I don’t know anything about AI, but if you look at the sort of problems it is applied to then they seem to be quite closely related to pattern matching. Take a vast amount of question answer pairs, expose the AI to this training set, let it find patterns, now use the patterns it has generated from the training set to guess the answers to things it hasn’t seen before. The guys at Google have done some truly amazing stuff with image recognition: they can do things that people can’t do https://www.theguardian.com/technology/2017/feb/08/google-ai-system-pixelated-faces-csi. However, although this looks like black magic, it still falls under the remit of pattern matching, just on a superhuman level.

Again, I know nothing about AI, but it seems that AI problems need to be phrased in terms of patterns, to which a computer can respond. For driverless cars the pattern is the data it gets from its cameras and other sensors and the response is a given in terms of velocity and direction.

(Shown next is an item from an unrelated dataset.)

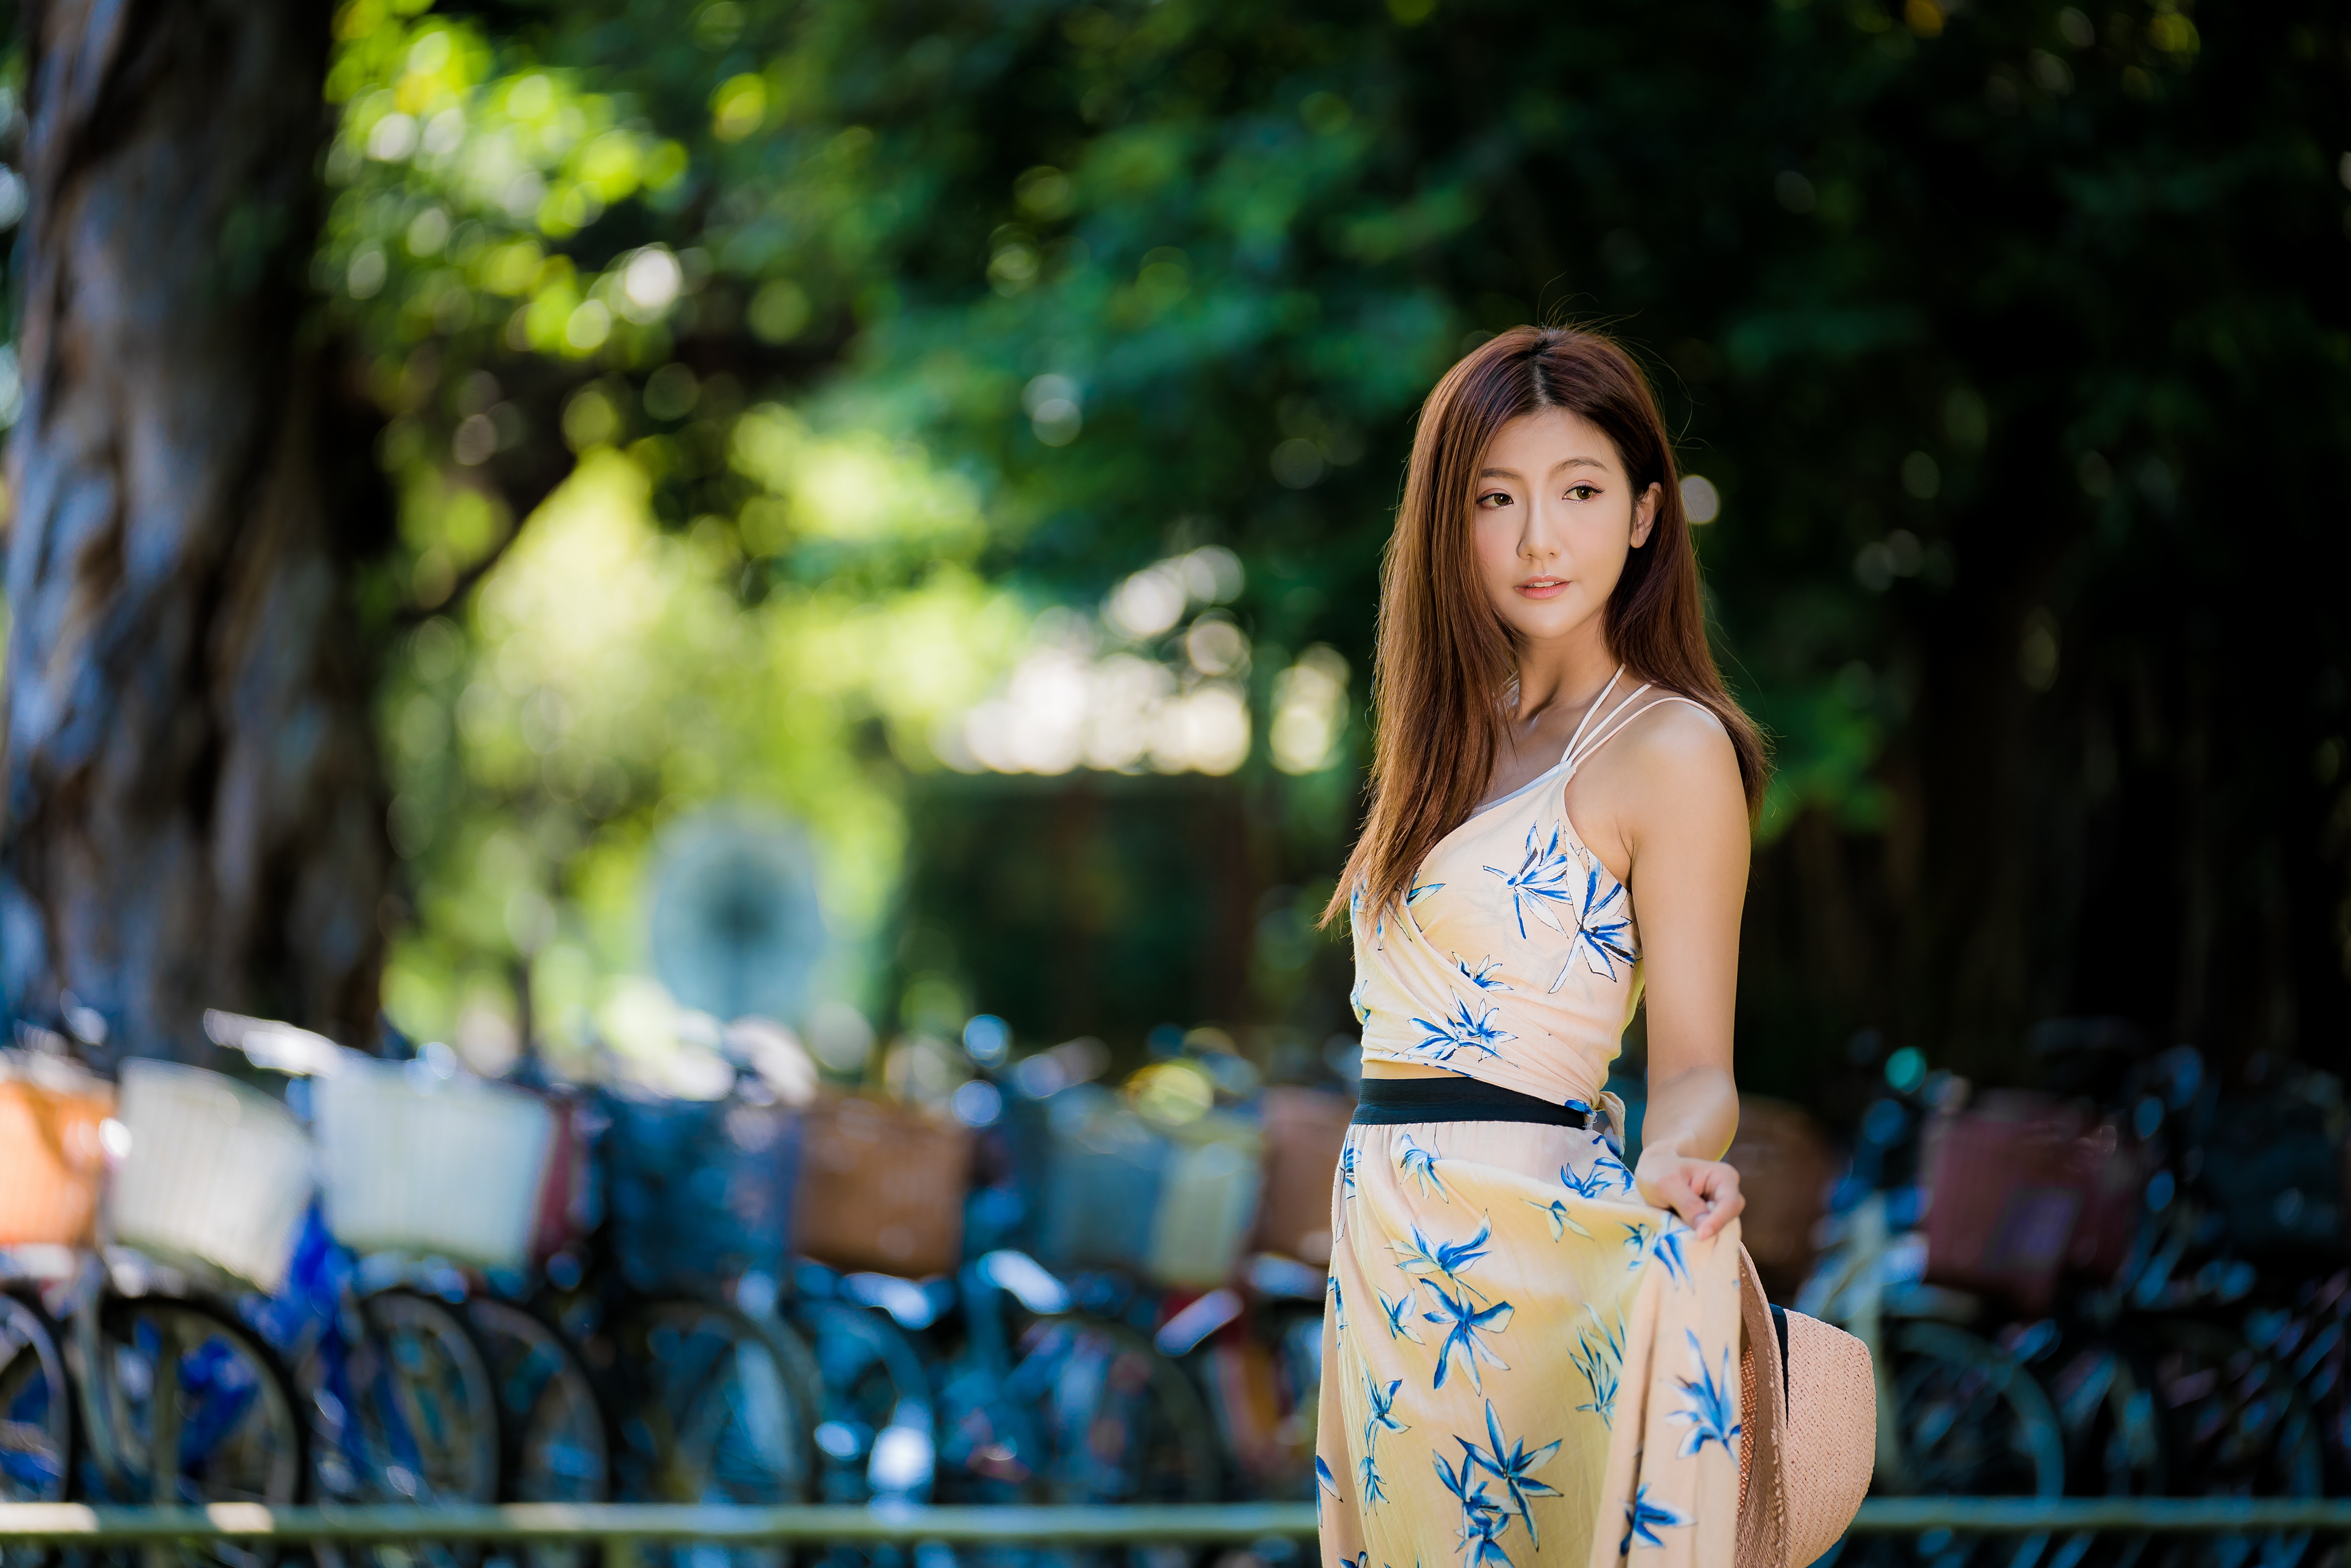 Asian Women Model Flower Dress Brunette Long Hair Bycicle Depth Of Field Trees Straw Hat 4562x3043
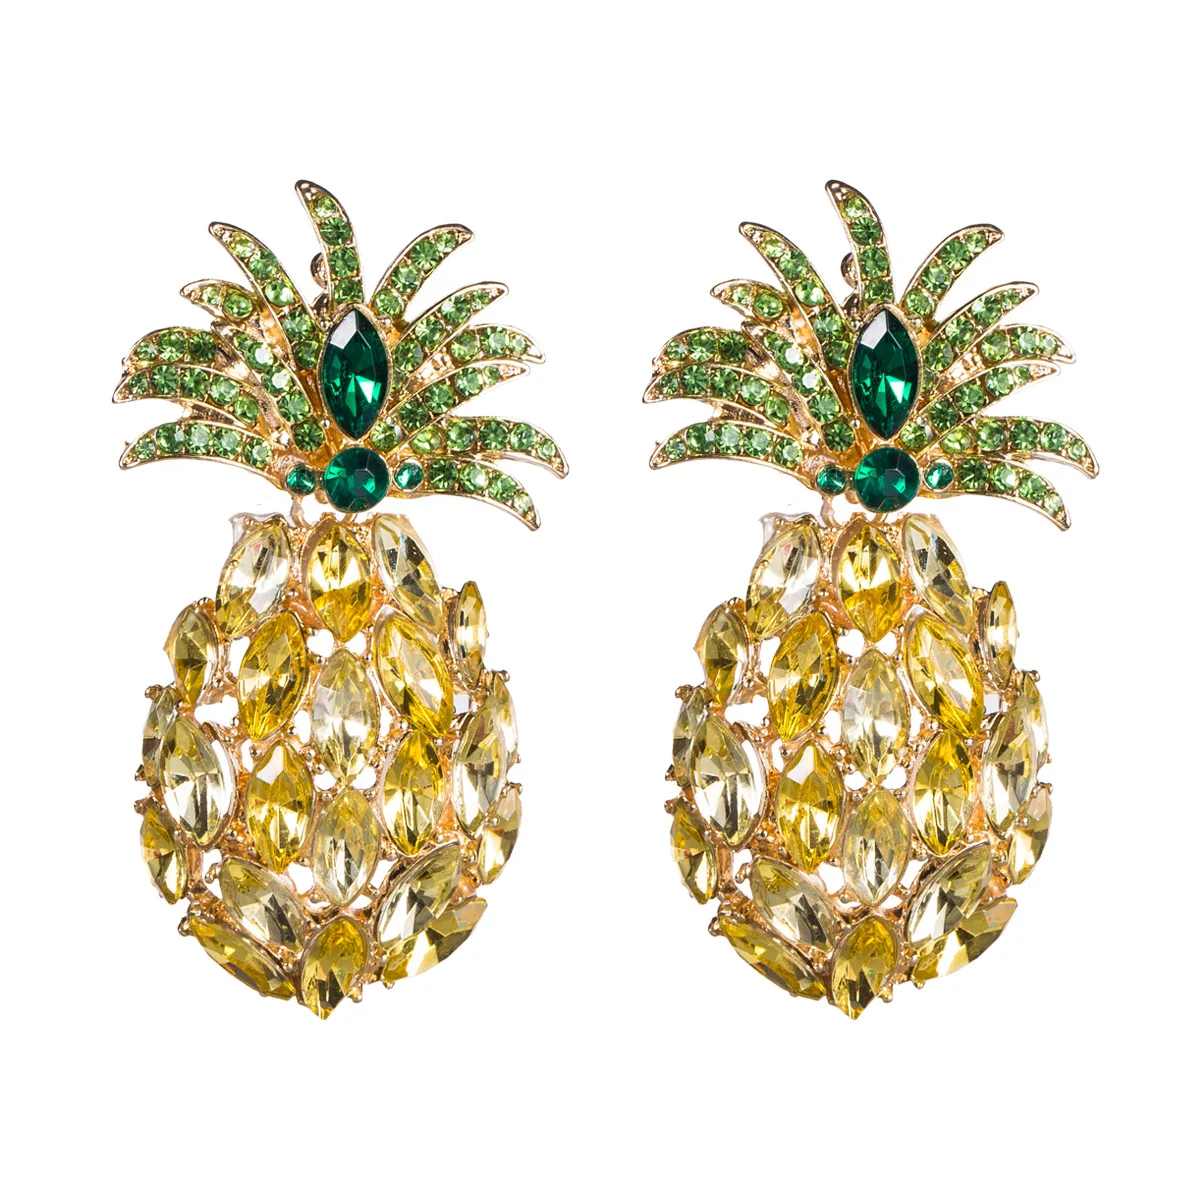 

Trend Bohemian Tassel Statement Earrings Jewelry Sparkling Rhinestone Pineapple Dangle Earrings For Woman Party

I can see how you could phrase a medical diagnosis and course of treatment in these terms: observed symptoms being the pattern and diagnosis, treatment plans being the response. People are already researching this: https://futurism.com/ibms-watson-ai-recommends-same-treatment-as-doctors-in-99-of-cancer-cases. There is a wealth of historical data for scientists to work with to build their models in this field through a century of medicine. Again I know nothing about the practice of medicine, but I’ve been told by people who do that doctors are taught to look for a single diagnosis that explains all of the symptoms, not many. That is a good kind of problem to work with.

The problem I have with your assertion that we are on the verge of computers being able to write meaningful computer programs is that the normalized dataset of pattern and response that would be needed to train an AI just isn’t there. The problem space is enormous and so is the response space. How are you suppose to encode the specification of the program that the computer is going to generate?

People use AI to generate fast approximation routines for existing algorithms, but this is again a pattern response where the training set can be generated by the original algorithm.

I’m not saying it won’t happen. But what I am saying is I think it would represent a paradigm shift on the order of discovering the double helix and once that has happened it would take many years to transition from pure research to a viable product. My guess is that it is somewhat equivalent to computers becoming sentient and that has not happened.

If you can reference some viable research that says otherwise it would be fascinating to read (these seem to be missing from the article). Otherwise I think this article should get tagged as science fiction, or just wishful thinking.